• _Assigned task_:
All of the data, word for word and free of pictures, is the expected result.

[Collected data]
==============================

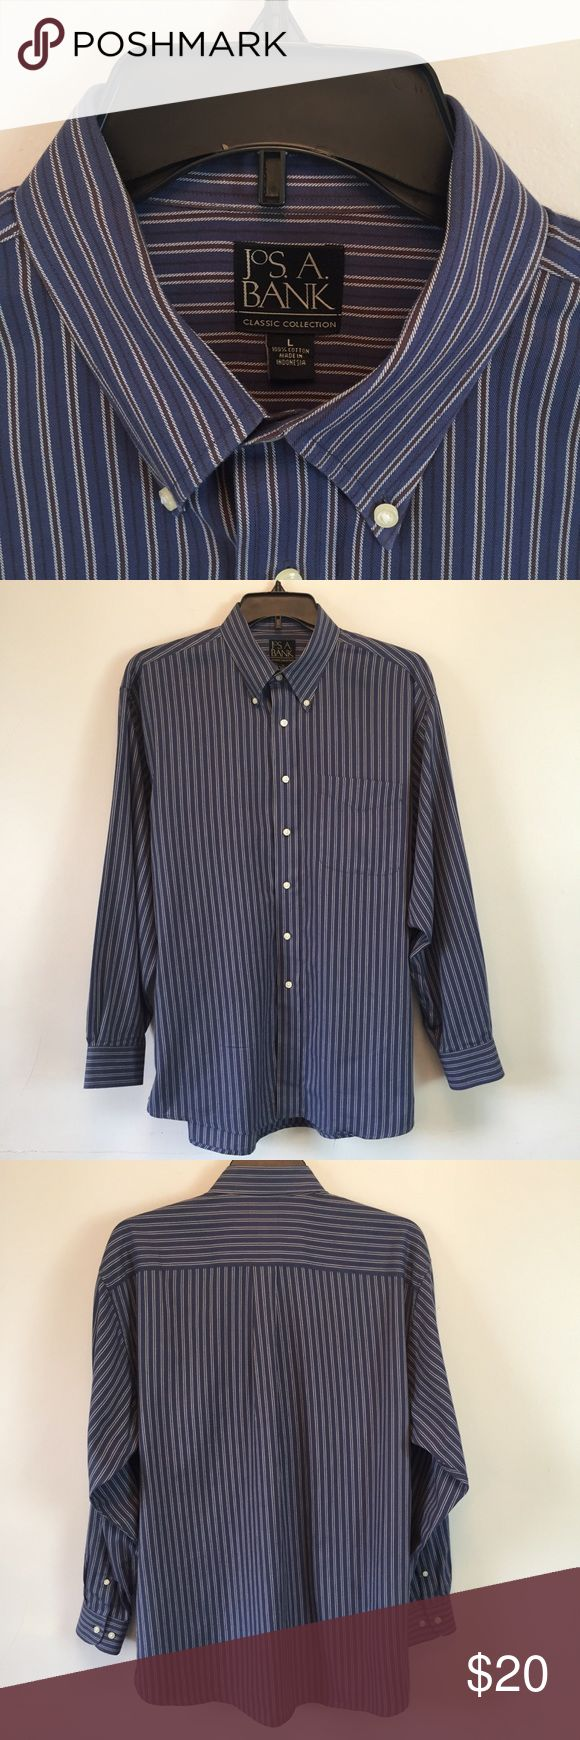 Jos. A. Bank Shirt Mens L Large Blue Striped EUC (With
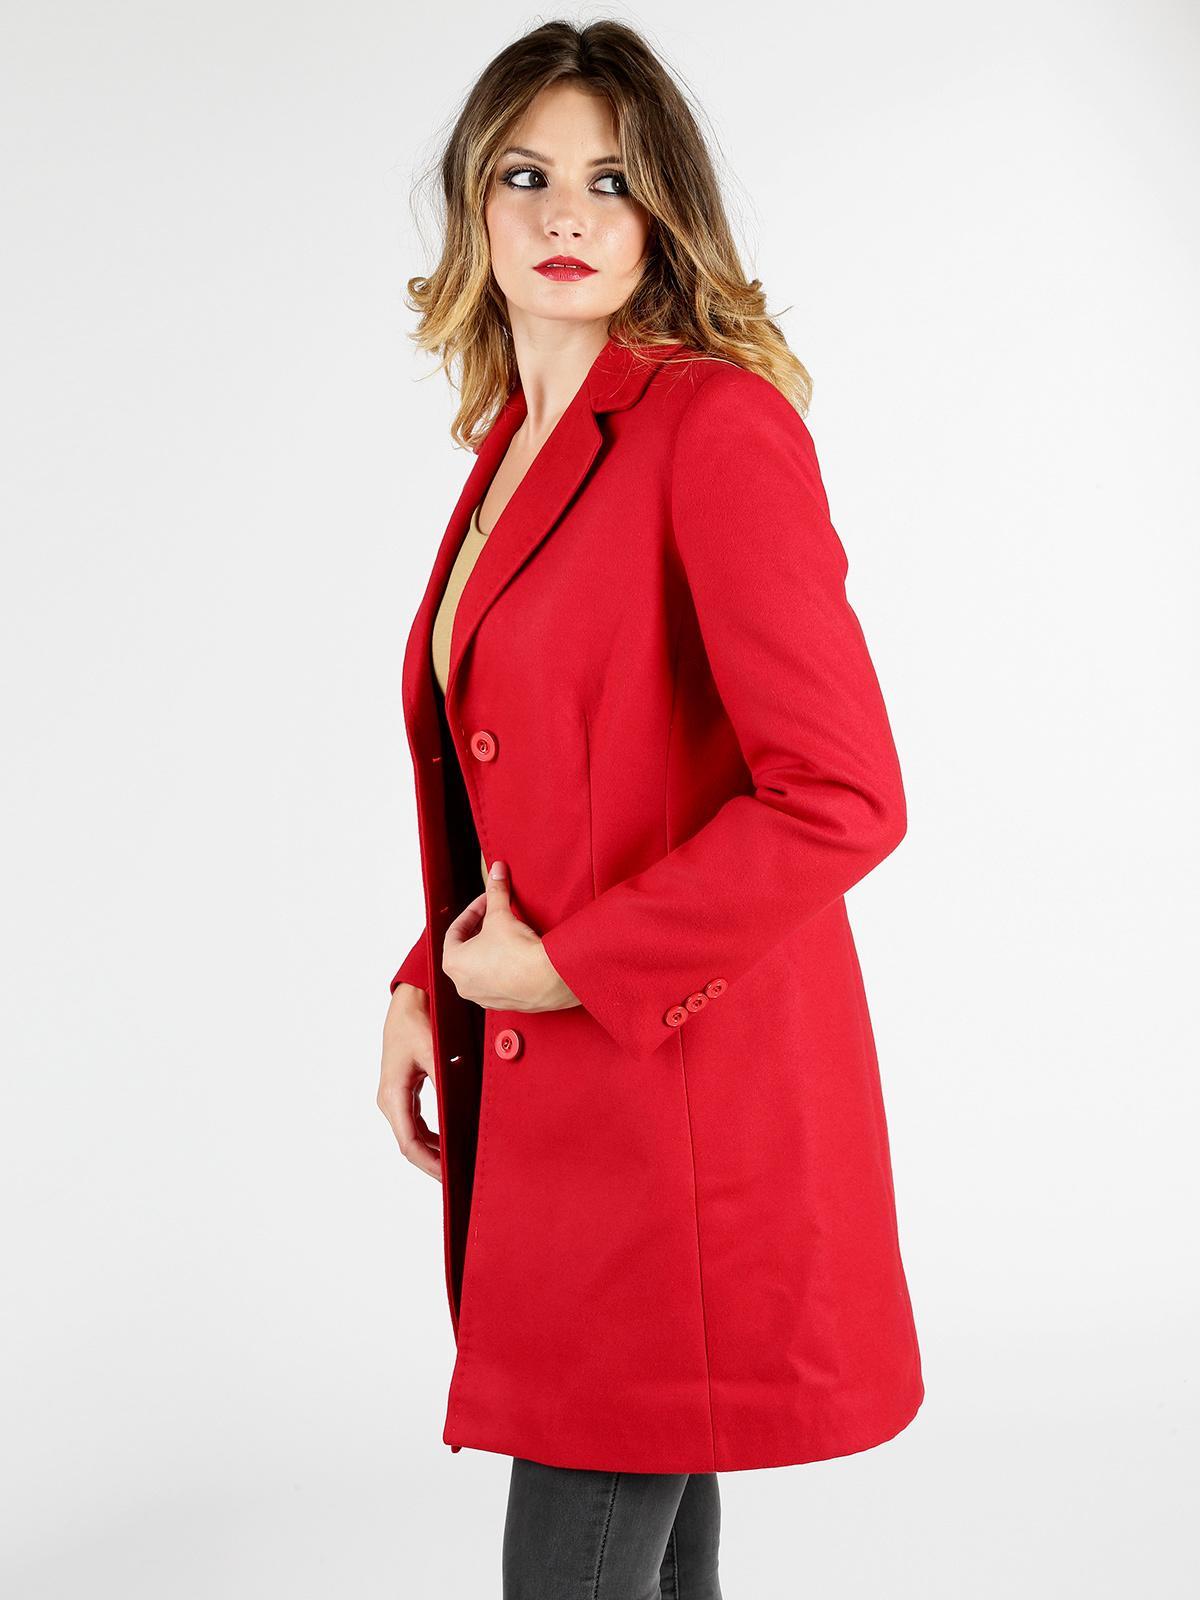 Cappotto rosso donna graffio | MecShopping
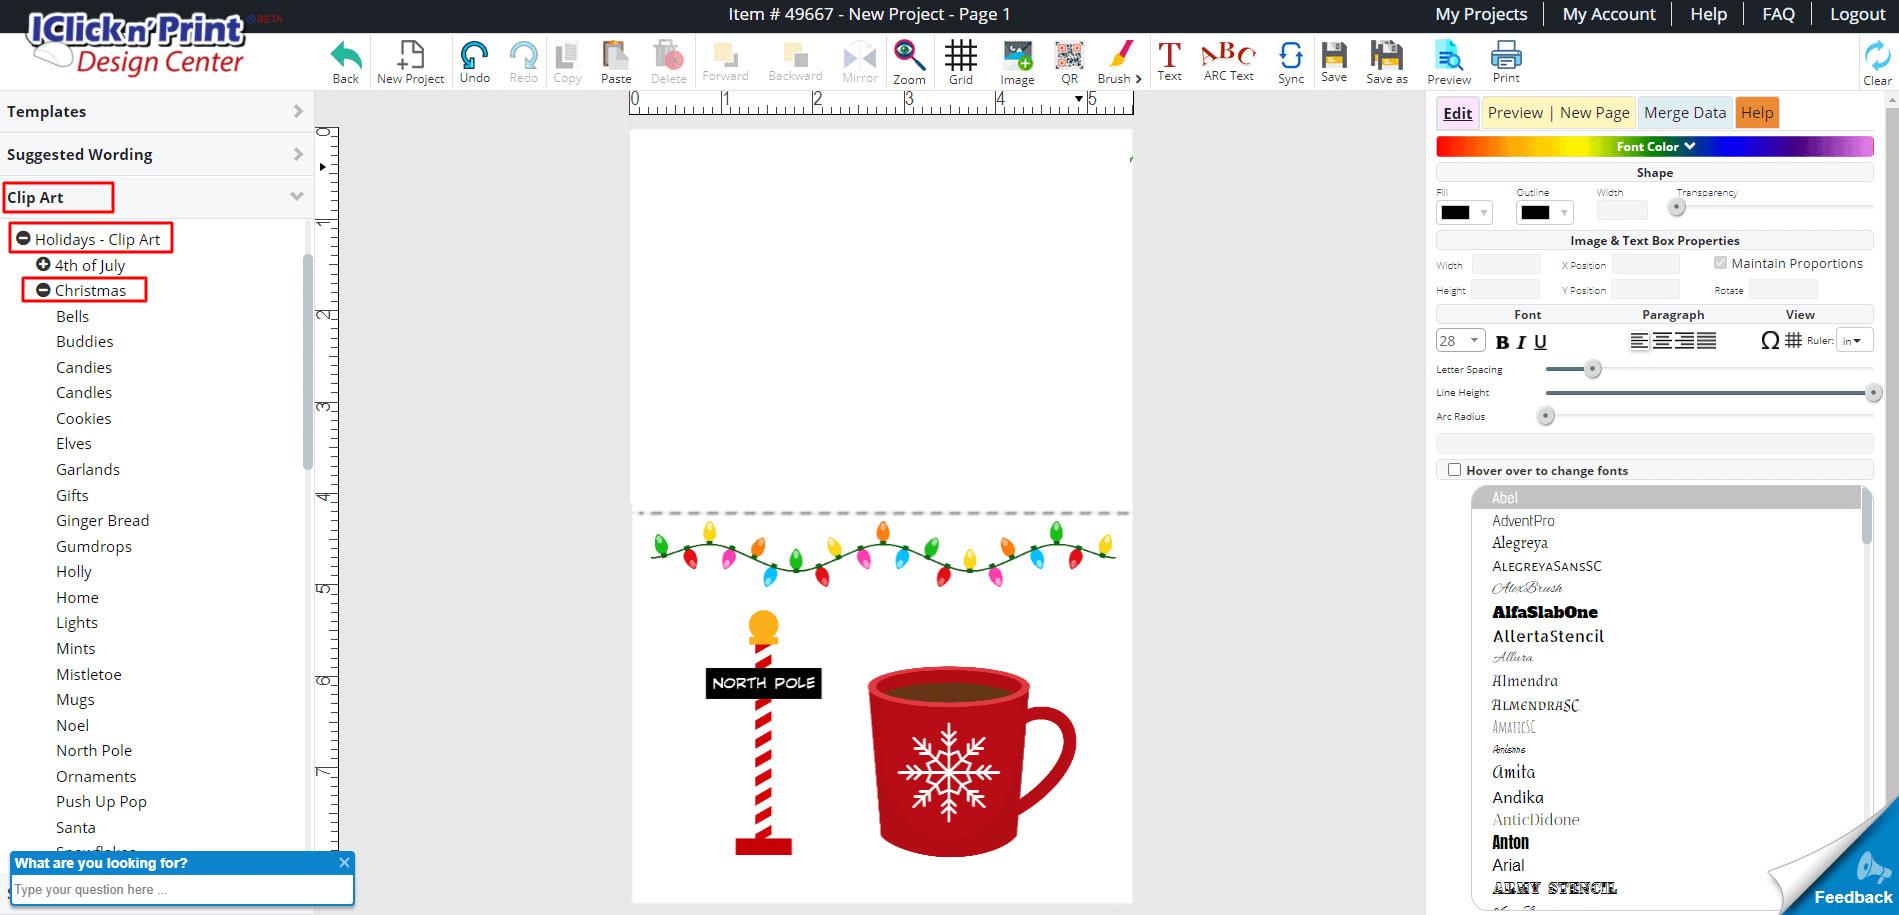 iclicknprint-Christmas-clipart-
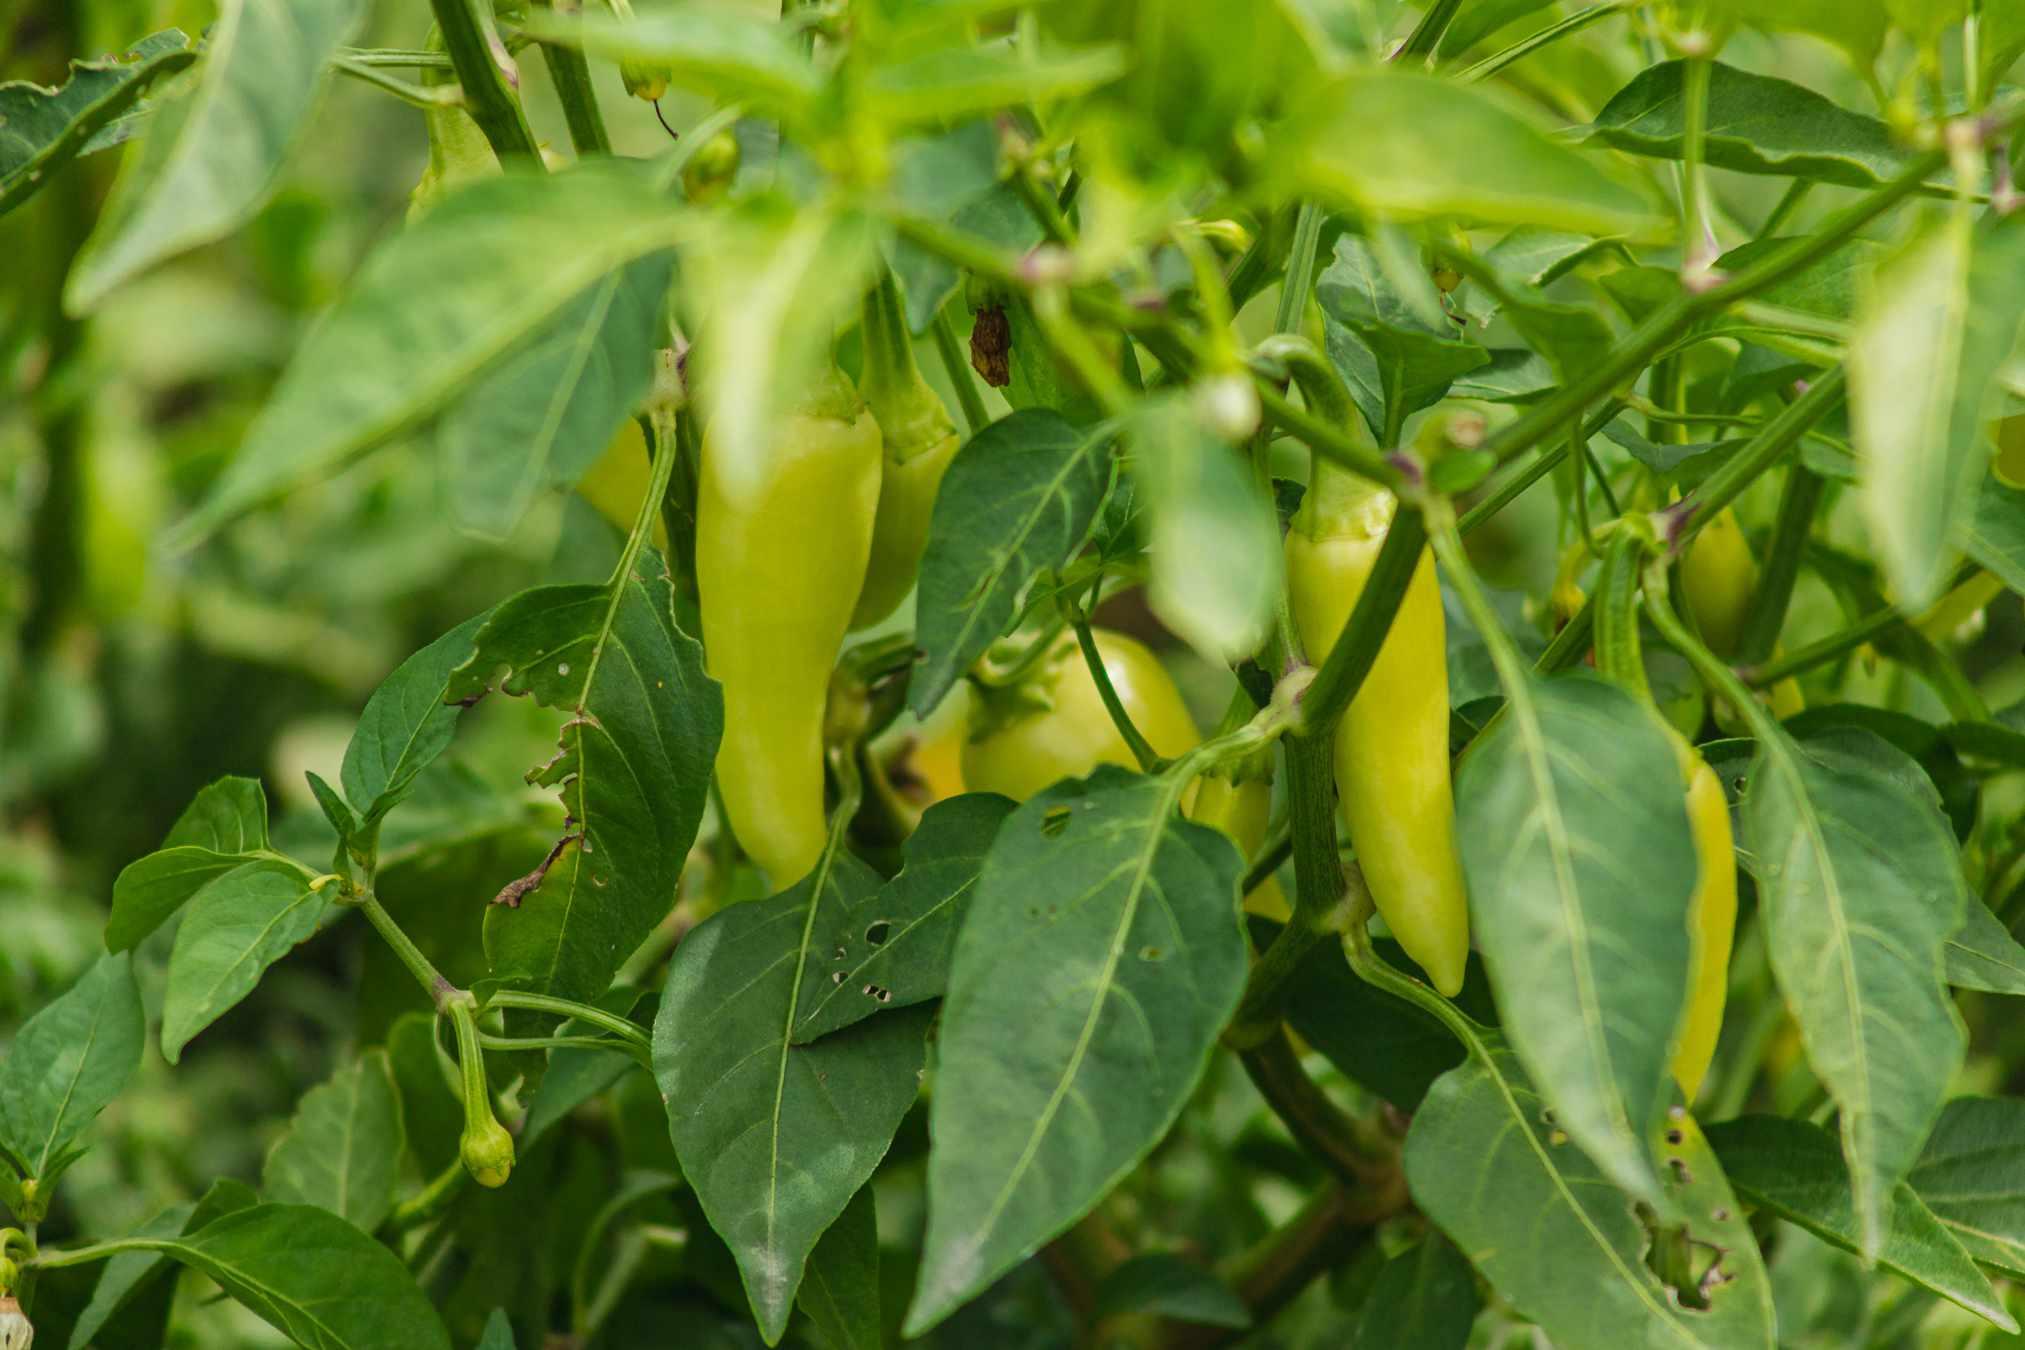 jalapeño peppers growing
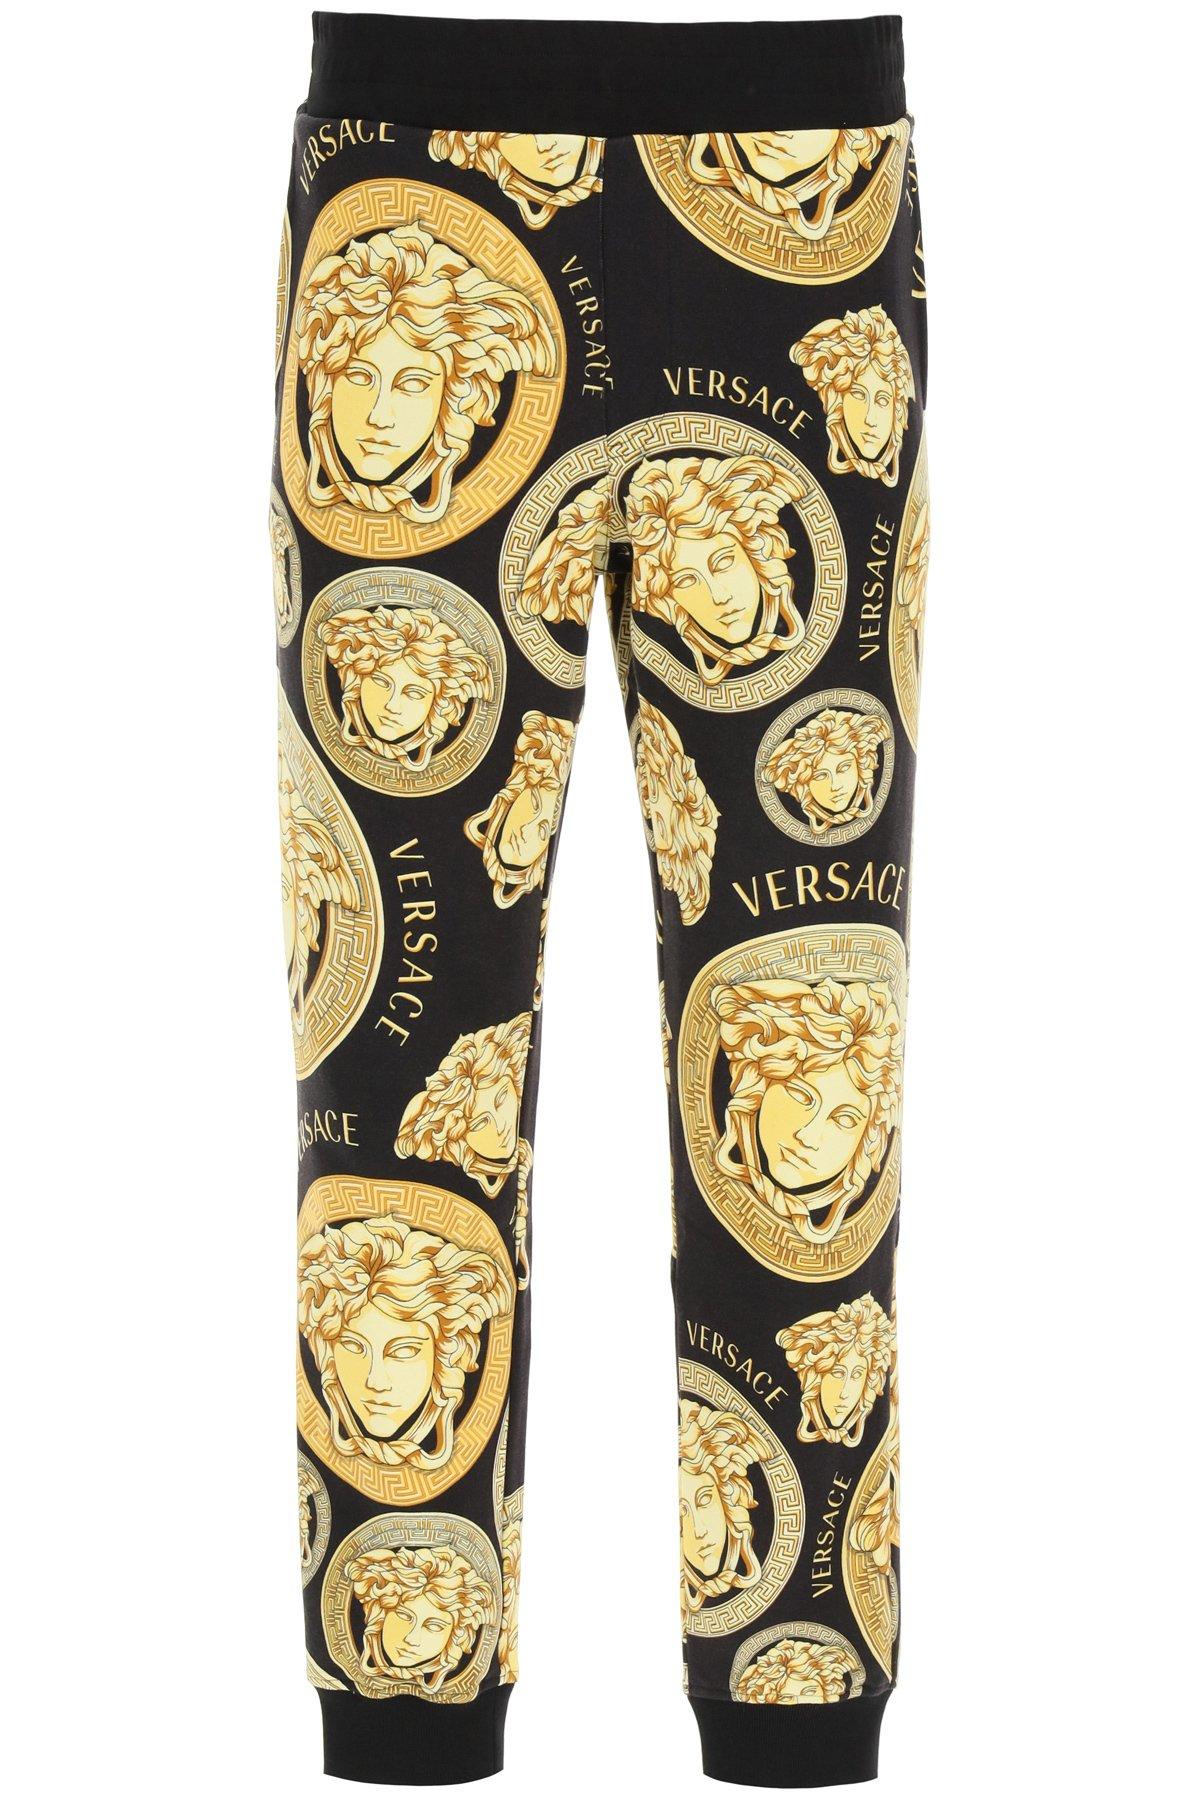 Versace pantaloni jogging stampa medusa amplified

==============================

• _Answer to this exercise_:
 Jos. A. Bank Shirt Mens L Large Blue Striped EUC (With
 Cappotto rosso donna graffio | MecShopping
 iclicknprint-Christmas-clipart-
 jalapeño peppers growing
 Versace pantaloni jogging stampa medusa amplified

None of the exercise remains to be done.